Olives – we love eating the things!
I picked mine October onwards. I have 3 cultivar olive trees. They have not been pruned or cared for in years – so have grown very large and unkempt. Their height makes picking olives for eating very difficult. I was only able to pick olives of the shortest one. This with the aid of a ladder.
Over the season I picked 3 kilogrammes of olives from the one tree. The olives on all three trees were heavily infected by the Mediterranean fruit fly. They lay their eggs in the olives and their larvae then eat the olive from the inside. This year I must do something to thwart them. Since I don’t want to spray with pesticides, I think my options are limited to clay coating the olives. I have read that kaolin clay is the clay to use but I think any other fine clay would be suitable. The other option is to use fly traps around the trees.

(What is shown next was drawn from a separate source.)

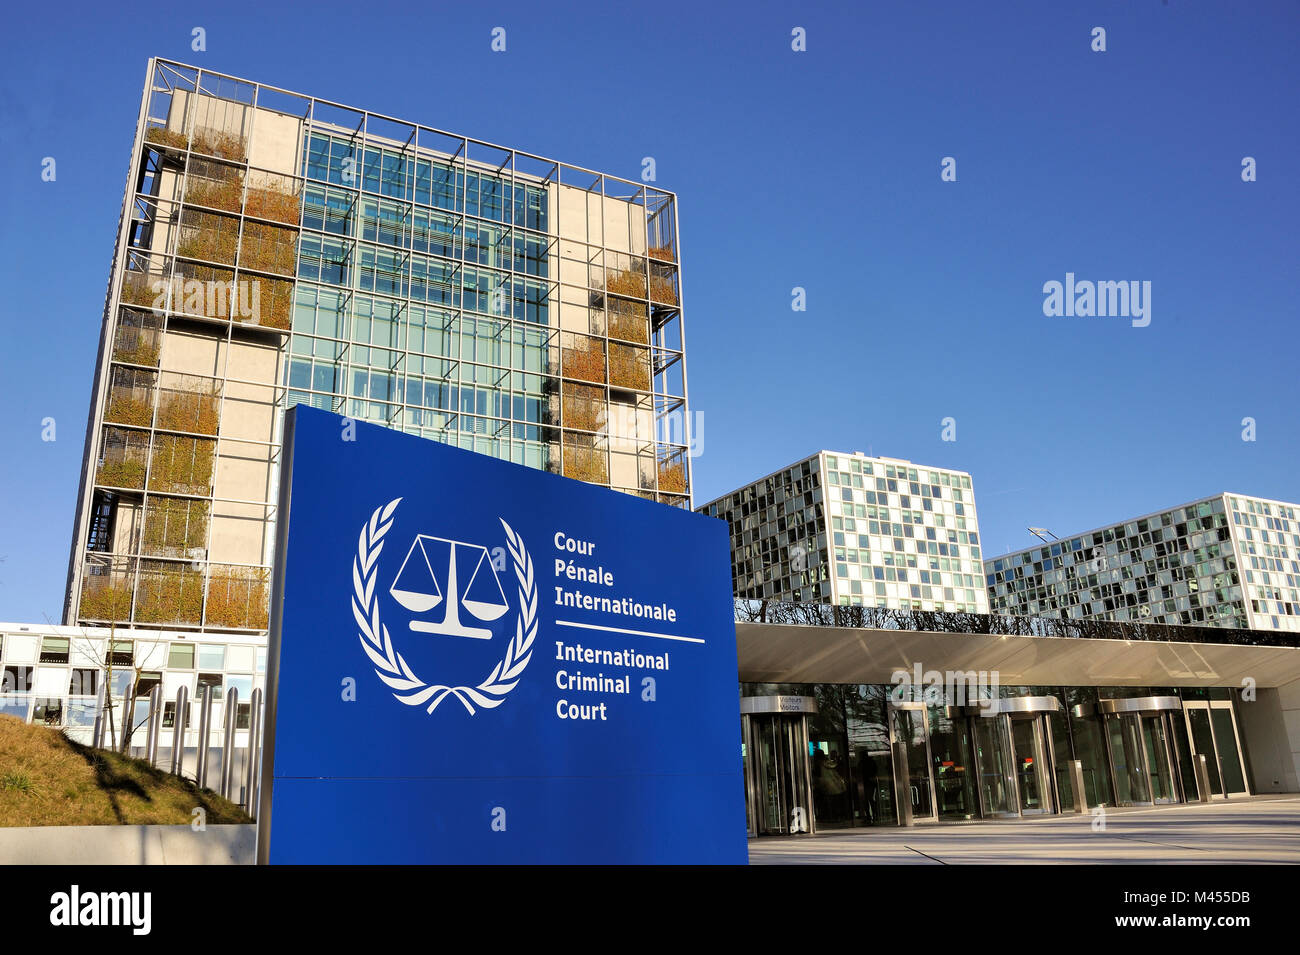 The Hague, Netherlands - 14 February 2018: The International Criminal Court entrance sign at the ICC building. Stock Photo

I marinaded the olives following an italian receipe which I found on the internet. I had to substitute the dill with wild thyme as I didn’t have any. I do have a lot wild thyme here so there’s always a wild time to be had . I never knew about wild thyme until one swedish neighbour introduced me to it. She is a very knowledgeable gardener. For my first attempt I have to say I am very pleased with the result.
These olives are certain very edible and I have eaten my way through half of them.
I have a lot of wild olives trees. They produced either no olives or very miniscule ones. I however had one wild olive tree produce half decent olives. They are about half the size of the cultivar variety and while not having much flesh on them are still worth the chew with drinks.
Today I attempted cleft grafting a wild olive tree. We’ll have to wait a few weeks to see if it’s successful or not. I have read up on and am still learning the different techniques used to graft trees from articles on the internet. I have my grafting compound and grafting tape and am definitely raring to go come spring!